UPDATE: If you have remote controlled shark envy, there is an answer.

UPDATE: Toys with lasers! (Warning: link has sound)

Wednesday, March 01, 2006

Massively Multiplayer Online Pong

Well, perhaps I should not put this under the category of "enjoyments". But it's certainly amusing. I did enjoying seeing it once, and laughing at its existence.

The never-ending massively multiplayer pong game!

(Not to be confused with NET-Pong, for those who personally like to control the paddle and really must play with a friend far away.)

A Distinct Israel

Stuart Dauermann wrote yesterday in his blog an essay that included a list of scriptural verses about how Israel is a people God has made distinct from other peoples, and which God still wants to be a distinct people.

His essay's point is that some cultures can be presented with a "vanilla gospel" that as much as possible lacks cultural context and only speaks about issues such as love, being children of God, and being helped by God's Spirit being allowed to dwell within us -- but the Jewish people cannot be effectively addressed by any gospel that ignores their special scriptural status and role, and their special history of thousands of years of relationship with God.

Harold Kushner makes a related comment in his book To Life! While discussing the Sinai/Moav covenant, he links the concept of being distinct with the concept of being observant:
And what is in it for us, the Jewish people? Our reward will be the sense of God's presence...When the prophets want to threaten the Israelite people with the worst punishment they can imagine, they warn them that God will remove His presence from their midst and turn them back into an ordinary people again...

Not only the second half of Exodus, but the rest of the Bible and virtually everything that has been written about Judaism since biblical times [is] an attempt to answer the question: How do you hold on to the feeling of standing before God at Sinai?...Exodus's answer, Judaism's answer, is that you do it with special deeds and with sacred times and places. Three thousand years of scholarship and history are commentary on that notion.

This is the core of why being a distinct people in God's eyes is a cultural issue. Not only are the Jewish people set apart by God, but they are set apart by God in certain ways that have become a culture of "sacred times and places".

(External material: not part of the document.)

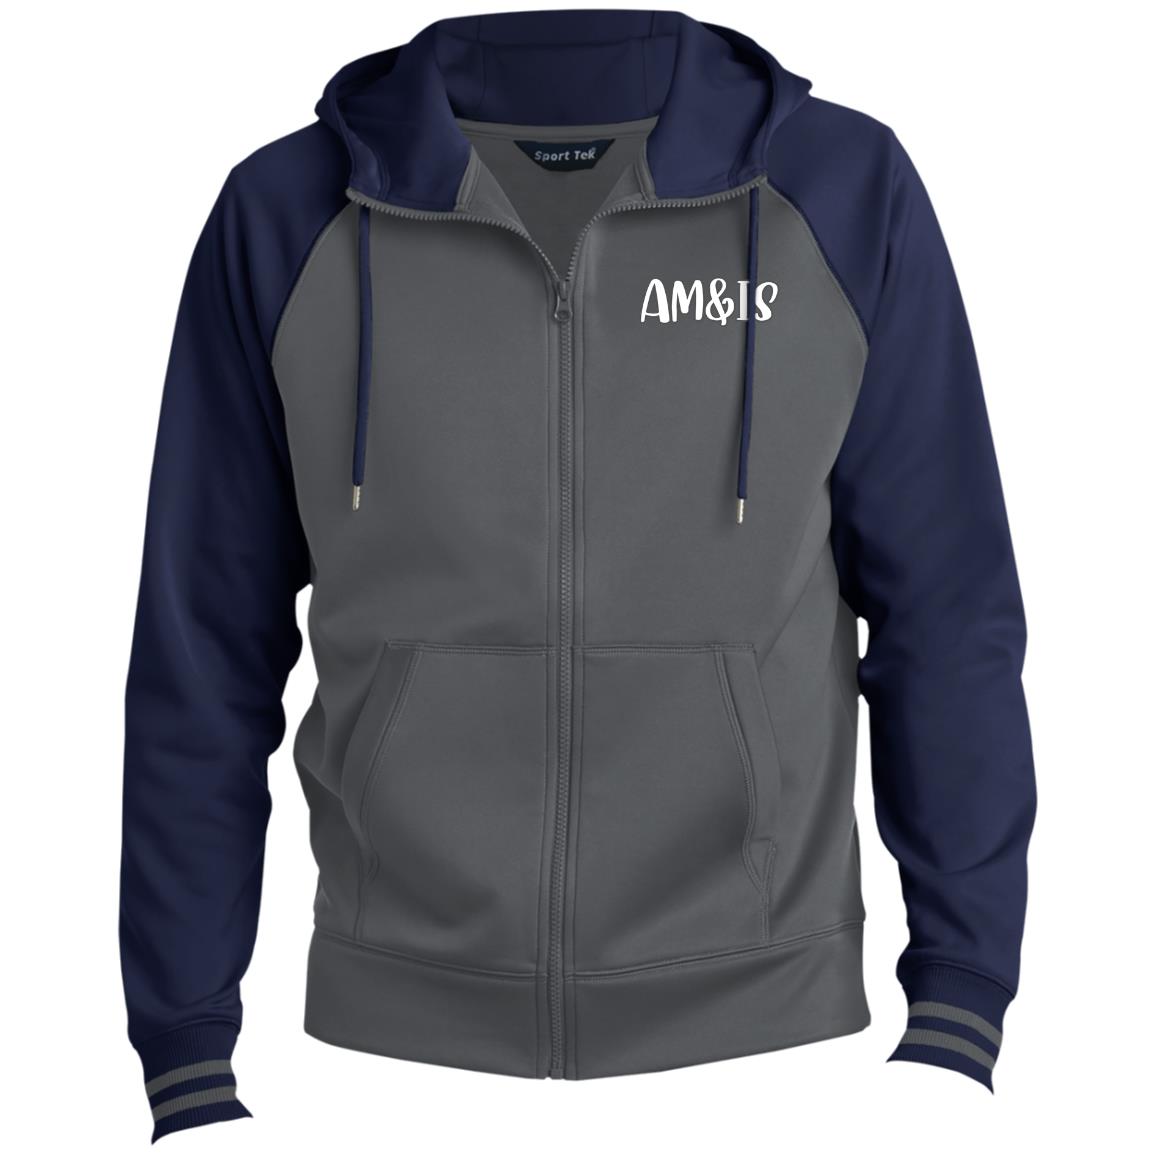 DARK SMOKE/NAVY - AM&IS Activewear Men's Sport-Wick® Full-Zip Hooded Jacket - mens jacket at TFC&H Co.

This is why a Messianic Jewish congregation is not -- and cannot be -- simply a church that does Shabbat instead of Sunday, and the Jewish holidays instead of Christmas and Easter. You cannot take a Christian culture and plug into it the Jewish "sacred times and places" and create the cultural dynamic of being "the descendants of Jacob whom God has set apart and been interacting with for thousands of years". (There are some groups that try this! But they tend to have no Jewish members, because the attempt fails so miserably at being anything like an actual Jewish culture.)